Ambiente, servizi e infrastrutture: 61° posto per la BAT
L’area “Ambiente e servizi” mostra luci e ombre:
- Sanità: la presenza di presidi ospedalieri è un punto di forza, ma la distribuzione dei servizi sanitari di prossimità e le liste d’attesa per alcune prestazioni penalizzano le zone più periferiche.
- Mobilità e trasporti: infrastrutture stradali e ferroviarie ci sono ma non bastano a garantire una mobilità capillare. Il pendolarismo subisce ritardi infrastrutturali, con effetti negativi sul lavoro e sugli spostamenti quotidiani.
- Connettività: la diffusione della banda larga e di infrastrutture digitali nelle aree rurali presenta ancora gap che ostacolano attività di smart-working e processi di innovazione.
Questi limiti incidono sull’attrattività del territorio e sui tempi di risposta della pubblica amministrazione e del sistema sanitario, elementi che pesano nella graduatoria per l’area relativa ai servizi e all’ambiente.
Cultura e tempo libero: 85° posto per la BAT
L’indagine del Sole 24 Ore segnala un’offerta culturale sottodimensionata: biblioteche, centri culturali, eventi e manifestazioni non coprono in modo adeguato la domanda di formazione informale e di qualità del tempo libero. Questo si traduce in una scarsa “vivacità” sociale, elemento che influenza negativamente il posizionamento nell’area Cultura e Tempo Libero, Bat all’85° posto su 107 province italiane.
Demografia e società: 84° posto alla BAT
La BAT, come molte province meridionali, convive con un saldo migratorio che sottrae capacità produttiva e giovani risorse umane. Tassi di natalità in calo, quota di laureati sotto la media regionale e problemi di coesione sociale sono componenti che alimentano la debolezza strutturale. Questi fenomeni spiegano parte consistente della perdita di posizioni nella graduatoria aggregata.
Giustizia e sicurezza: 78° posto per la BAT
Tra le poche note meno fosche vi sono miglioramenti relativi alla percezione della sicurezza e ad alcuni indici oggettivi sui reati: questi miglioramenti però non riescono a compensare le carenze su lavoro, reddito e servizi. In termini pratici, la BAT può vantare una percezione di sicurezza in miglioramento ma resta ancora debole su indicatori socio-economici più strutturali che definiscono la qualità della vita.
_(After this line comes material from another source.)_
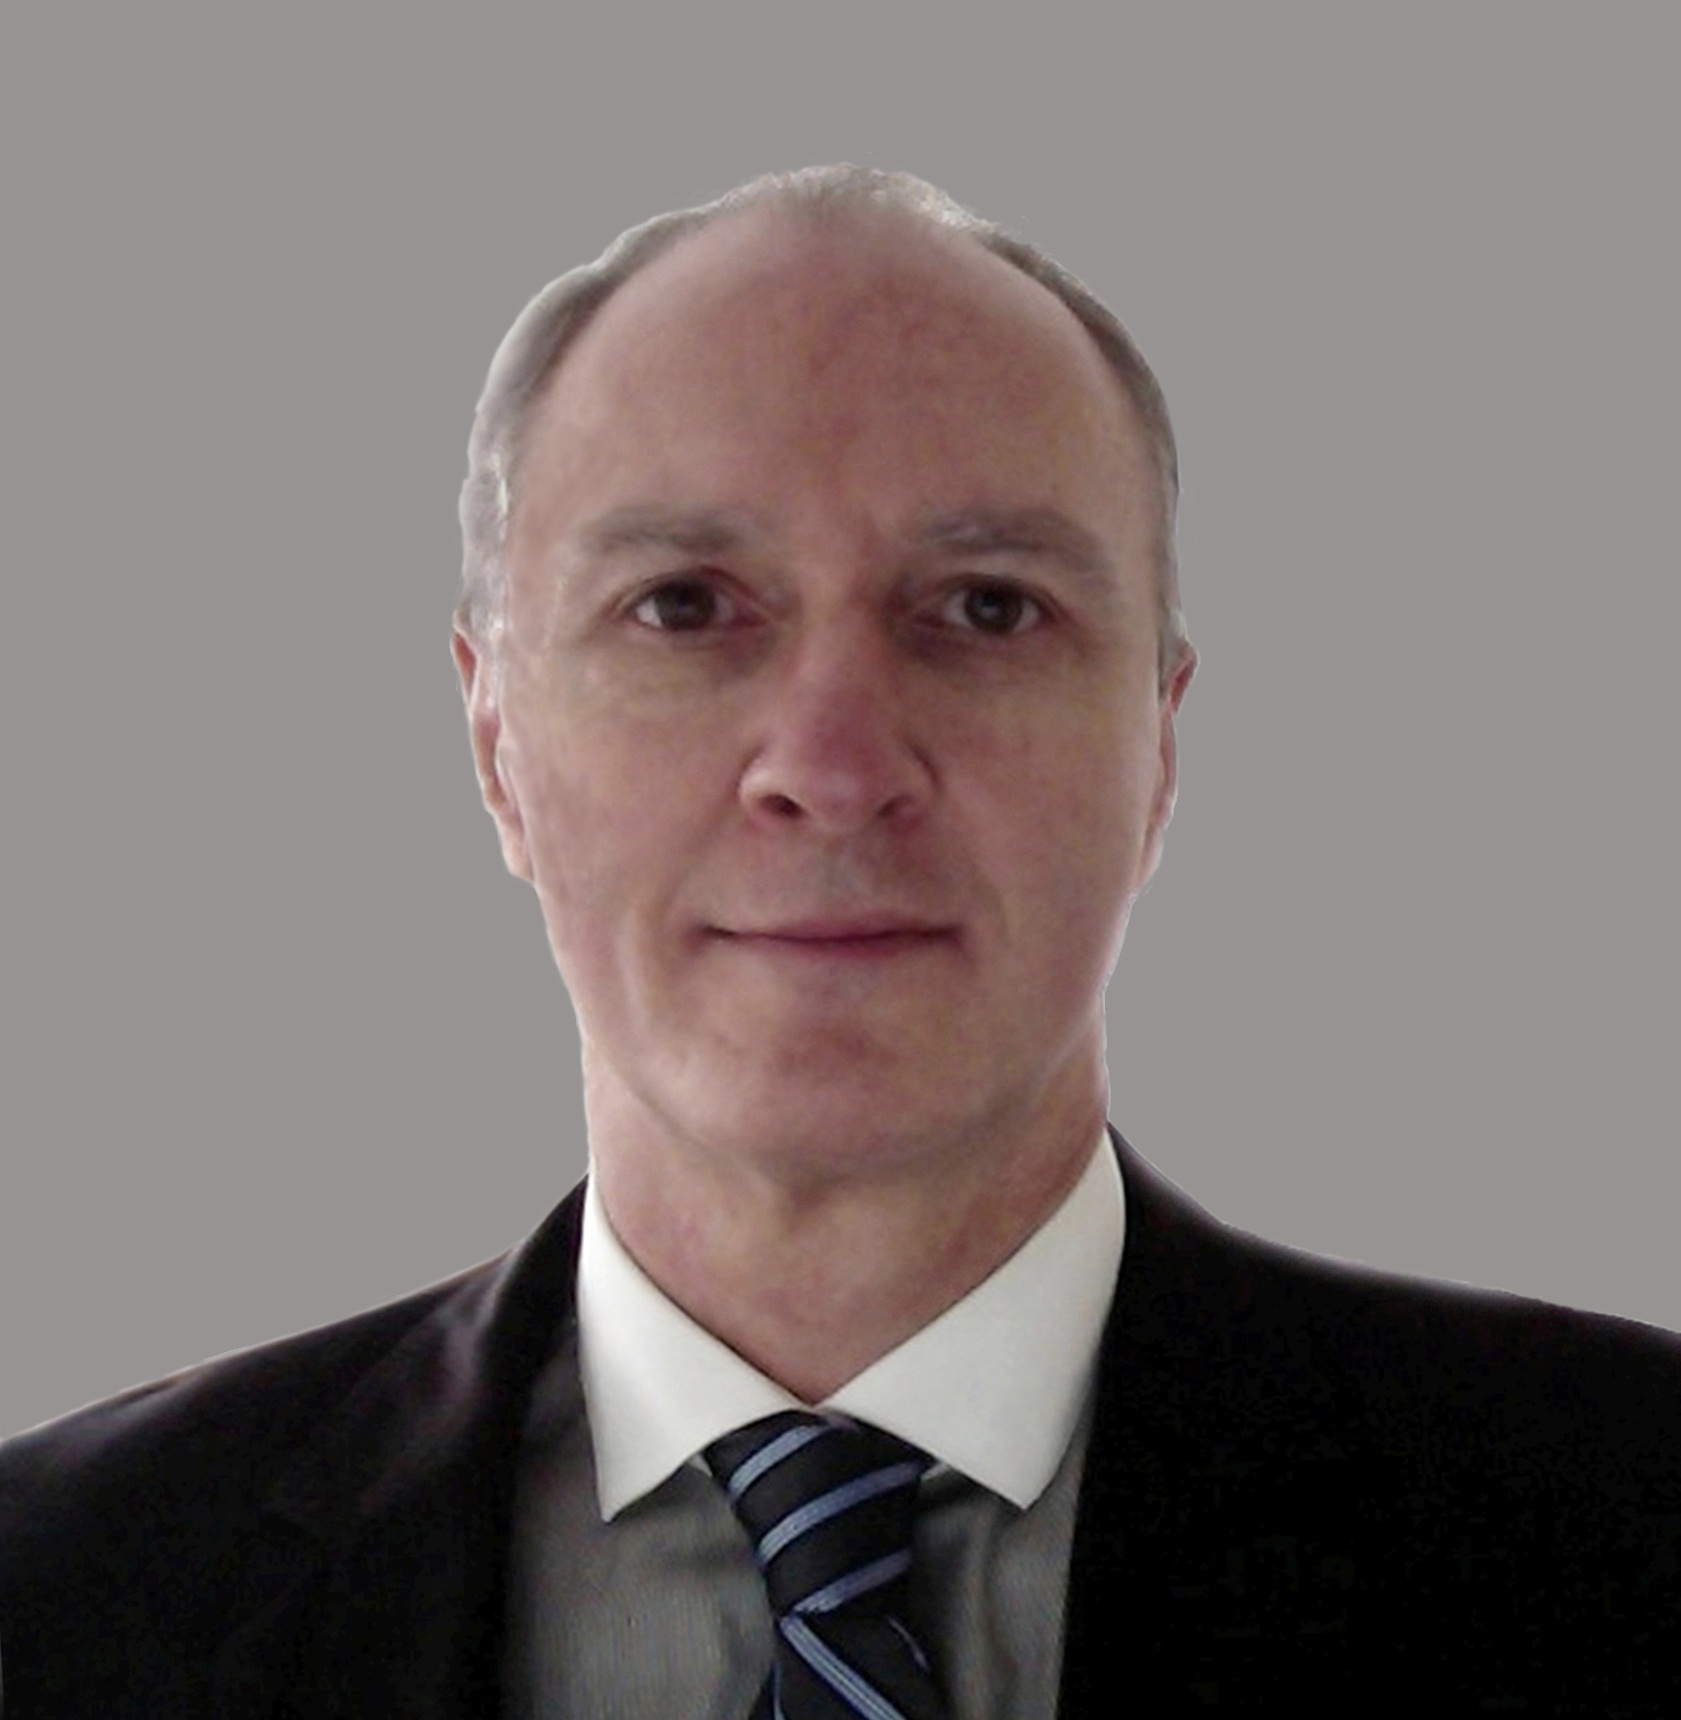 Denis Richard Jacobs

Confronto con le altre province pugliesi
- Bari — la migliore tra le province pugliesi nel 2025: 67ª in Italia; resta comunque lontana dalle prime posizioni nazionali.
- Lecce — 81ª, arretra rispetto al 2024 (perde varie posizioni).
- BAT — 86ª, stabile.
- Brindisi — 88ª, guadagna una posizione rispetto all’anno precedente.
- Foggia — 98ª, migliora leggermente (guadagno di una posizione).
- Taranto — 99ª, peggiora sensibilmente.
Questa geografia regionale mostra come la Puglia resti concentrata nella parte medio-bassa della classifica nazionale, con forti differenze interne: la BAT si colloca insieme a province che condividono problemi strutturali simili (redditi bassi, difficoltà di offerta formativa e occupazionale).
La posizione 86ª della BAT è il risultato di una combinazione di fattori.
La BAT non è caduta, ma non sta correndo. La sua collocazione nella parte bassa della classifica sulla Qualità della Vita è la sommatoria di economie domestiche compresse, di un mercato del lavoro incapace di trattenere i giovani e di servizi pubblici che non riescono sempre a coprire il territorio con efficacia.
Le urgenze sono chiare: lavoro di qualità, formazione mirata, infrastrutture digitali e potenziamento dei servizi locali.
Senza uno scatto coordinato in queste direzioni, la graduatoria del 2026 rischia di ripetere, o addirittura aggravare, lo stesso ritratto.